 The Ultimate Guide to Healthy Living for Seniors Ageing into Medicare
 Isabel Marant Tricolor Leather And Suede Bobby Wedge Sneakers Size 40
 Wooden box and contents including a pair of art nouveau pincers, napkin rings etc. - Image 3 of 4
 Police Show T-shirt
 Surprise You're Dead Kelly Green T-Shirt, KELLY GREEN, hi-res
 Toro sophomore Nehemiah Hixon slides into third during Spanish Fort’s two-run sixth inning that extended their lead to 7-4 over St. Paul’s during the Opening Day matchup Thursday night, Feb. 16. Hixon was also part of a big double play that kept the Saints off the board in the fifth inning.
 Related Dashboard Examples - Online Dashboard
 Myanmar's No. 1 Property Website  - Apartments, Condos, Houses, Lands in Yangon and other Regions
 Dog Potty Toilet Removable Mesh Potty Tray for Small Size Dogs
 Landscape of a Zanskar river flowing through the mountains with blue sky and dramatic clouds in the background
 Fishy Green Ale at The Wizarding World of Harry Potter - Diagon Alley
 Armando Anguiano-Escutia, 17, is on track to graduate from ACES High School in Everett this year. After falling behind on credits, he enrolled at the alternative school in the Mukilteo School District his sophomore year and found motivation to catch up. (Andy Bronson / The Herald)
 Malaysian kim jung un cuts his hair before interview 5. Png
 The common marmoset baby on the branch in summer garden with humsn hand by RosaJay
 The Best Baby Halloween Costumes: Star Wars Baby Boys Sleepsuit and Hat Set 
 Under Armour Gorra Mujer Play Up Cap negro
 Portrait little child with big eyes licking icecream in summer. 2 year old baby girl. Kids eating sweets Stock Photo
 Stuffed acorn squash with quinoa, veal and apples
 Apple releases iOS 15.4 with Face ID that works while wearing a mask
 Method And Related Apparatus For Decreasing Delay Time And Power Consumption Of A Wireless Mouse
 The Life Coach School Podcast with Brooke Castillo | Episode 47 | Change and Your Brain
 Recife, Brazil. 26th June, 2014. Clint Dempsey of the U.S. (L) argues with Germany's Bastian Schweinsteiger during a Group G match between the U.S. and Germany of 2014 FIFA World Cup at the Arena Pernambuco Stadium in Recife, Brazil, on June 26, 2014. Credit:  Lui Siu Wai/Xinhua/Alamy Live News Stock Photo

==*==

→ **TASK GOAL**
If a line comes after the one containing "Surprise You're Dead", leave it out; set down every line of the data before it, and that line itself, exactly.

→ **SOLUTION TO THIS TASK**
 The Ultimate Guide to Healthy Living for Seniors Ageing into Medicare
 Isabel Marant Tricolor Leather And Suede Bobby Wedge Sneakers Size 40
 Wooden box and contents including a pair of art nouveau pincers, napkin rings etc. - Image 3 of 4
 Police Show T-shirt
 Surprise You're Dead Kelly Green T-Shirt, KELLY GREEN, hi-res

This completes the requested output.